The East African Business Council (EABC) has welcomed Tanzania’s pledge that it will ‘soon’ join the East African Community One Network Area (ONA) which harmonises tariffs on voice calls within the region.
The East African Business Council (EABC) has welcomed Tanzania’s pledge that it will ‘soon’ join the East African Community One Network Area (ONA) which harmonises tariffs on voice calls within the region.
Paying a courtesy call on the EAC Secretary General, Dr Richard Sezibera, in Arusha, a Tanzanian official last week said the harmonisation of mobile call tariffs would come into effect as soon as the existing telecommunications policies and regulations are revised.
No particular timeline was given but the Director General of the Tanzania Communications Regulatory Authority (TCRA), Dr Ally Yahaya Simba, disclosed that first to be harmonised would be roaming charges on voice calls with data charges to follow later.
EABC chairperson Denis Karera told The New Times that: "We’ve been pushing for it every other month. It is a welcome development that will facilitate and enhance business in the region. It is a very welcome gesture and, as EABC, we celebrate it, even as, the grand picture of doing business, it is a drop in the ocean.”
"Our wish would be that Tanzania also joins other EAC partner states in allowing citizens to use their national IDs to travel within the region as this would make business easier. Being able to communicate yet people can’t move easily creates a bit of a contradiction. Our call is for them to also embrace the single East Africa Tourist Visa (EATV); and remove all the existing road blocks and other non tariff barriers that exist.”
Once Tanzania joins the ONA, it will reduce roaming charges for calls originating from other EAC Partner States as is now the case with Kenya, Rwanda and Uganda which have already harmonised mobile call tariffs, thereby enhancing business between them.
According to Teddy Kaberuka, a Rwandan economic analyst, by joining the ONA, "Tanzania will benefit as well as the rest of the EAC partner states” because the cost of communication will reduce.
"It will also have quite a positive effect on regional trade for Tanzania because countries like Rwanda, Burundi and the DR Congo use the central corridor more to import goods,” Kaberuka added.
The ONA is among 10 ambitious development clusters that Tanzania, Rwanda, Burundi, Uganda and the DR Congo have agreed to jointly implement under the Central Corridor infrastructure projects development initiative.
In July, top technocrats from the five Central Corridor trading partners held a two-day meeting in Kigali, to set up a mutually acceptable implementation framework for the projects.
Rwanda is leading coordination efforts for all projects under aviation and ICT under which it will seek to extend the ONA to Burundi, Tanzania and DR Congo.

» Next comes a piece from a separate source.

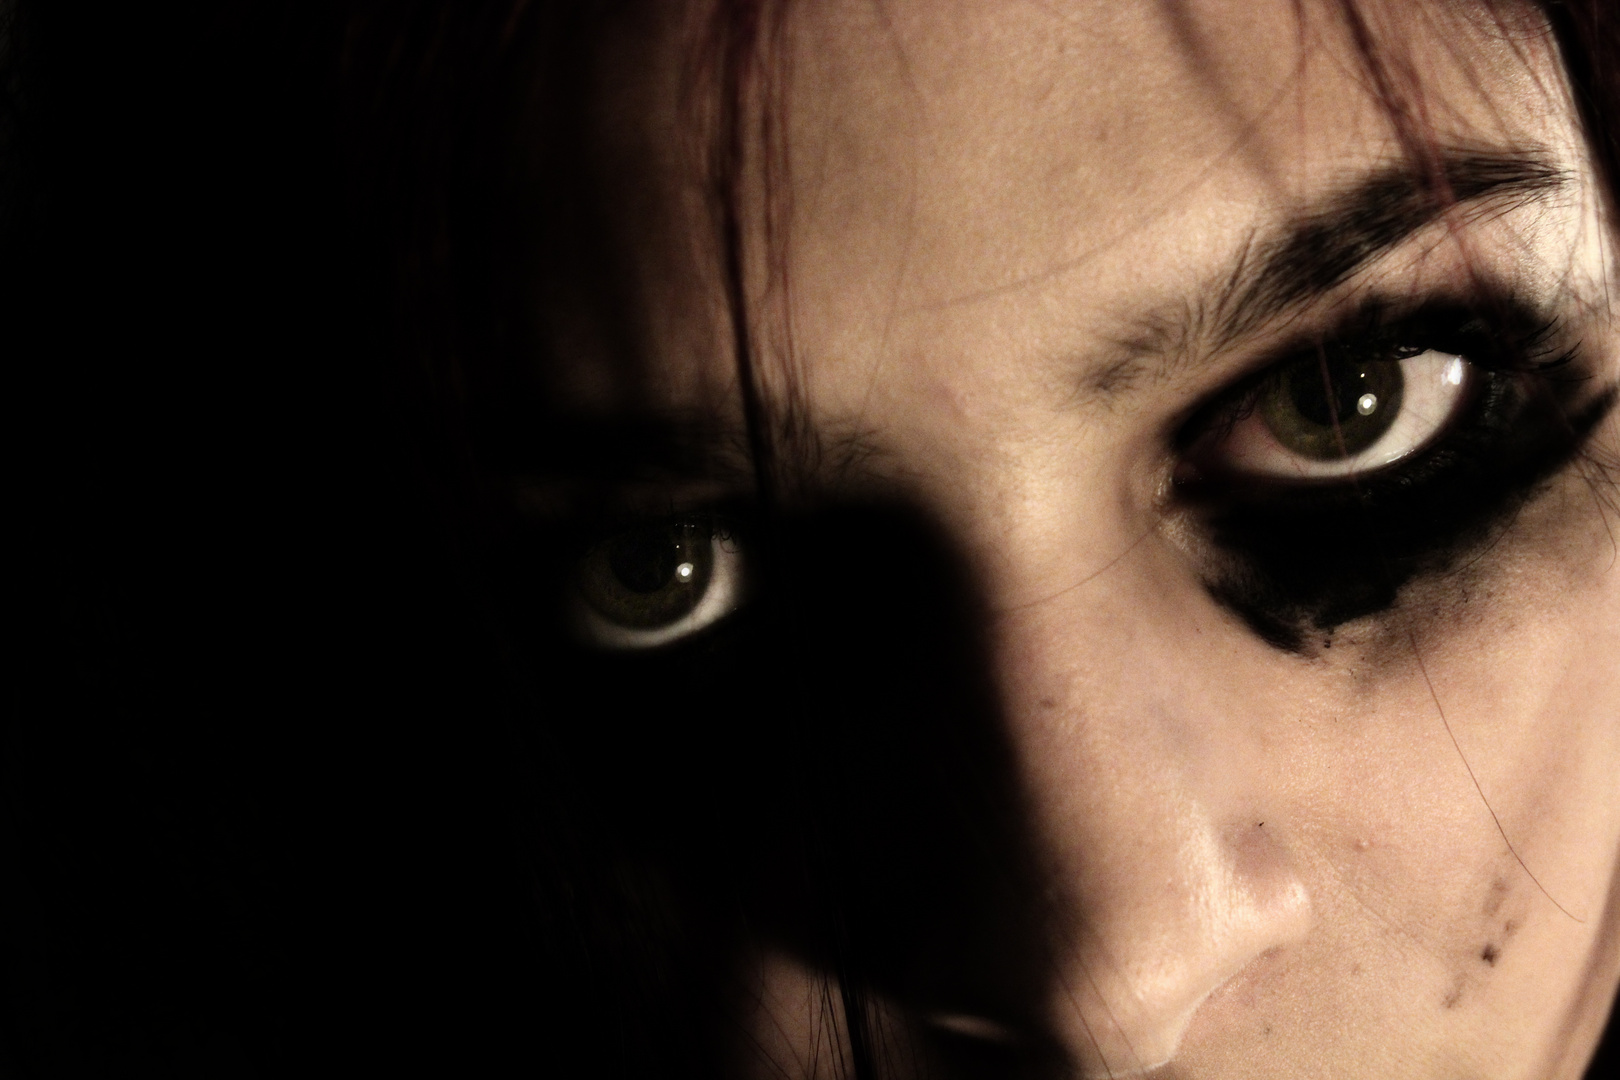 dark and evil

The EAC Heads of State Summit directed the Council of Ministers to expedite the implementation of the framework for harmonised EAC roaming charges, including the removal of surcharges for international telecommunications traffic originating and terminating within the EAC, by July 15.
According to Dr Sezibera, the Community had prioritised four main areas, where progress must be made to drive the EAC integration process forward, namely Communications (harmonisation of roaming charges); civil aviation (high air travel fares); one stop border posts (transit charges), and; actively engaging the private sector in the integration process.
The EAC is also negotiating with South Sudan on the possibility of extending the region’s broadband networks to the world’s youngest nation as a way of reducing voice and data roaming charges.
Meanwhile, Sezibera hailed the EAC Electronic Transactions (e-Transactions) Bill currently before the East African Legislative Assembly (EALA), saying it would provide a legal framework to govern online transactions which he said is a fast growing sector in the region.
Debate on the Bill in EALA was deferred last month after Dr Abdallah Saadaala, Tanzania’s assistant Minister for EAC Cooperation, as Chairperson of the Council, pleaded with the Assembly to accord the standing committee on Communication, Trade and Investment (CTI) more time to conduct consultations and enrich the Bill.
The next plenary in Nairobi, in October, is expected to debate and pass the Bill which is supposed to make provision for the use, security, facilitation and regulation of electronic communications and transactions.
Last December, while meeting for the Northern Corridor Integration Projects Summit in the Kenyan capital, Nairobi, Presidents Yoweri Museveni of Uganda, Paul Kagame of Rwanda and Uhuru Kenyatta of Kenya, called for speedy implementation of the ONA to have the cost of calling around the region dropped.
The Summit, at the time, directed concerned ministers in those countries to operationalise the initiative for SMS, Data and Mobile Financial Services.
The ONA mandates member countries to exempt regional calls from surcharges applied by member states on international incoming calls and remove any additional charges to subscribers on account of roaming within the region.
Subscribers in the three countries are no longer charged for roaming while travelling within the member states, but are charged as local subscribers in the visited country network.